C11 = cost to test diluted Dryvax + cost to test Aventis vaccine + cost to make 209 x 106 doses + cost to produce VIG + logistic/storage/device costs.
Assume that an expert indicates that: Dryvax and Aventis testing have costs that are independent and uniformly distributed on [$2 million, $5 million]. New vaccine production is not random; the contract specifies $512 million. VIG production is normally distributed with mean $100 million, s.d. $20 million. Logistics costs are normally distributed with mean $940 million, s.d. $100 million.
Other Cij s The other costs in the matrix are also random variables, and their distributions can be estimated in similar Delphic ways. Note that different matrix costs are not independent; they often have components in common across rows and columns.
Other components include: Number of attacks; this is Poisson with mean 5, plus 2. Number of key personnel; this is uniform between 2 million and 12 million. Number of smallpox cases per attack; this is Gamma with mean 10 and s.d. 100.

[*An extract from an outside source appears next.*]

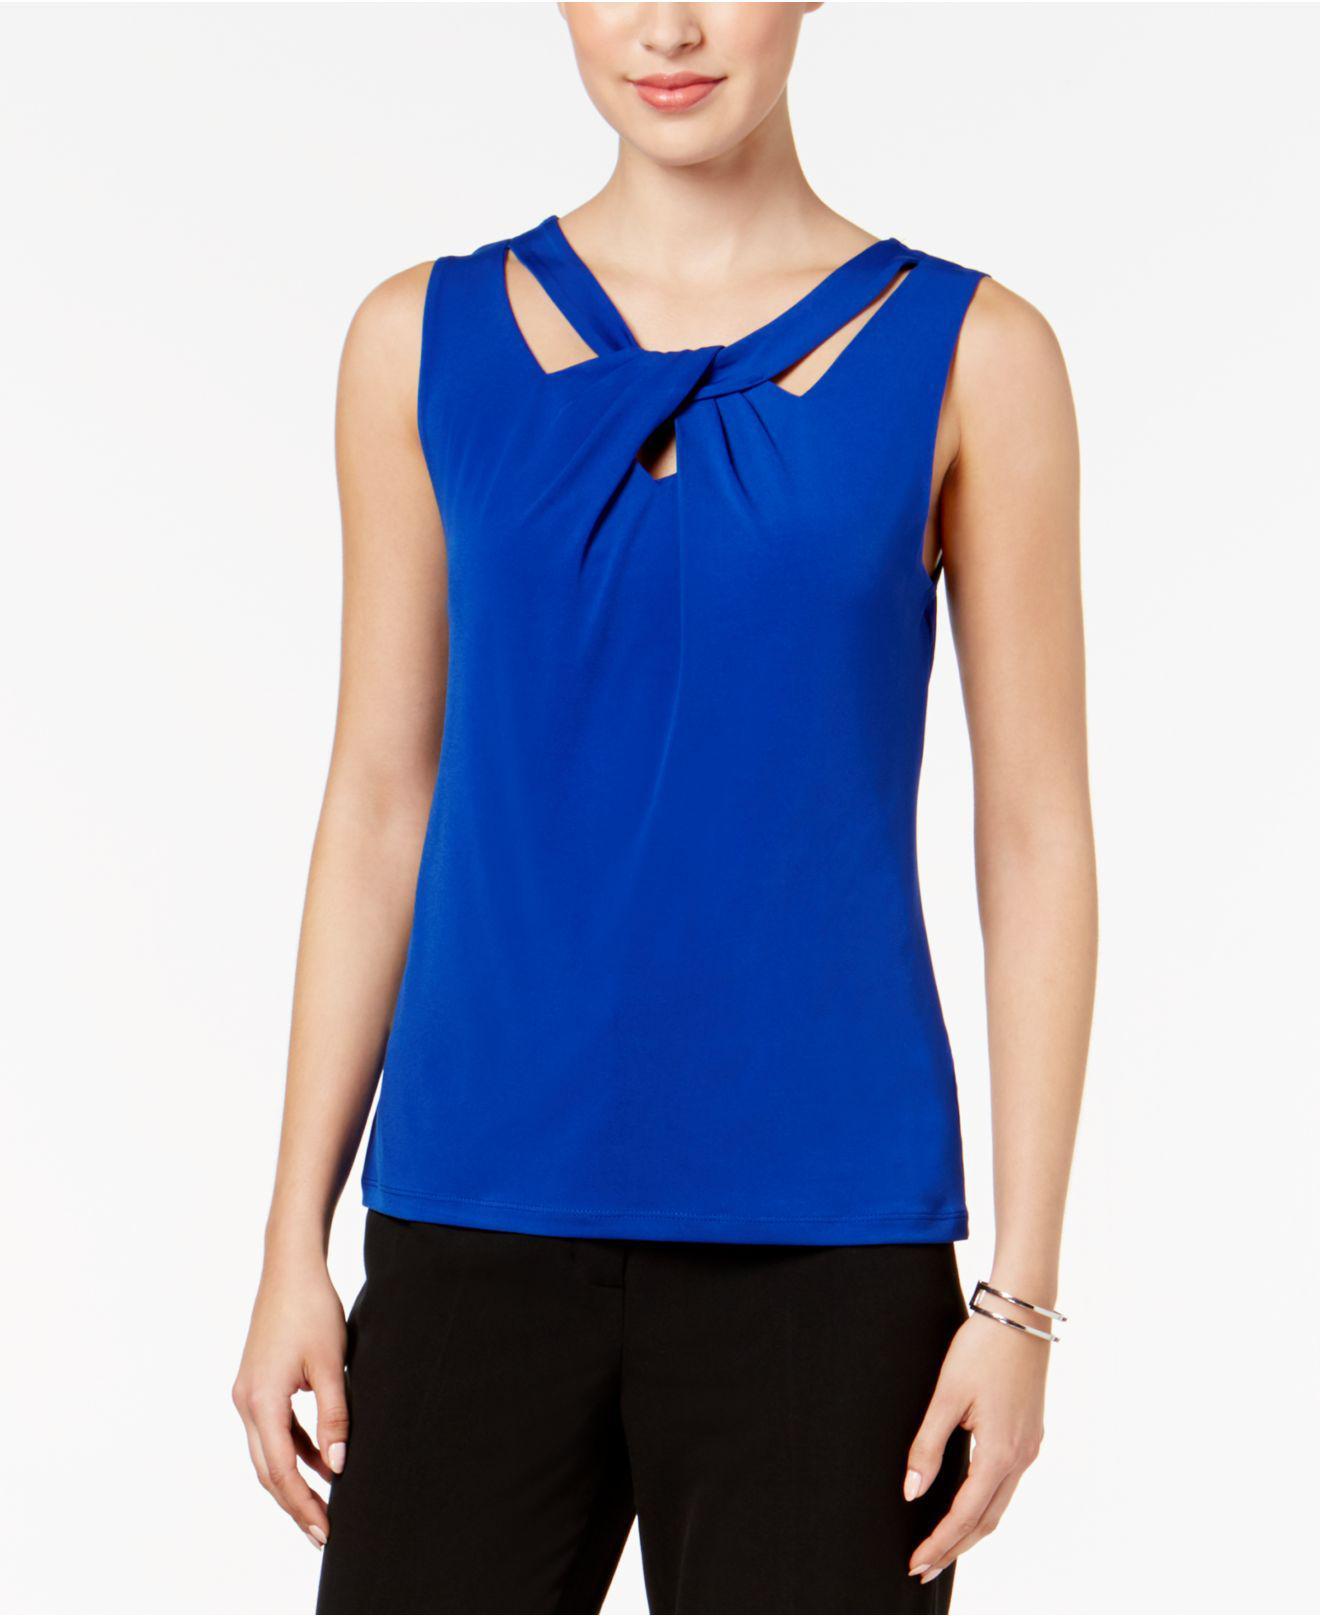 881bca4c23891 Lyst - Nine West Sleeveless Cutout Twist-front Top in Blue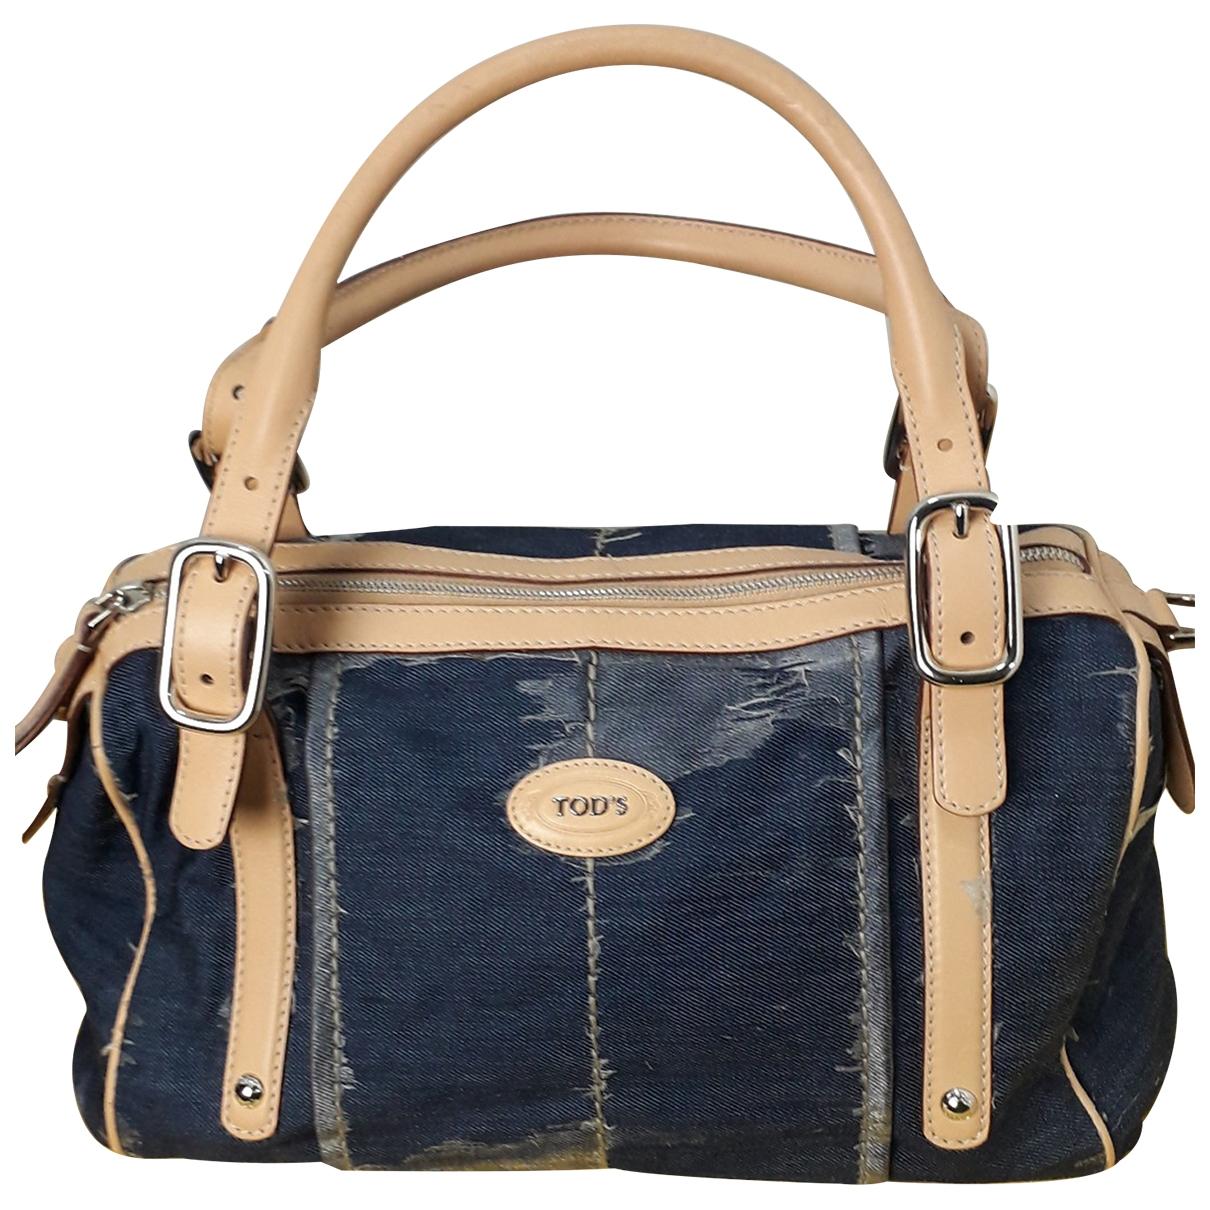 Tods \N Handtasche in  Blau Denim - Jeans

Cost to treat one smallpox case; this is normal with mean $200,000 and s.d. $50,000. Cost to inoculate 25,000 people; this is normal with mean $60,000 and s.d. $10,000. Economic costs of a single attack; this is gamma with mean $5 billion and s.d. $10 billion.
4. Games + Risk Game theory and statistical risk analysis can be combined to give arguably useful guidance in threat management. We generate many random tables, according to the risk analysis, and find which defenses are best.
We run 100 game theory matrices and count how many times each defense is optimal in terms of • Minimaxity • Minimum Expected Loss We also calculate a score for each, since the second-best defense may have nearly the same cost as the best.
Minimum Expected Loss The table in the lower right shows the elicited probabilities of each kind of attack given that the corresponding defense has been adopted. These probabilities are used to weight the costs in calculating the expected loss.
Scores The scores beside the left-hand tables are found by • Summing the maximum costs in each row • Dividing each maximum by the sum • Allocating weight to the decisions proportionally.
5. Conclusions For our rough risk analysis, minimax favors universal inoculation, minimum expected loss favors stockpiling. This accords with the public and federal thinking on threat preparedness. And the approach can be generalized.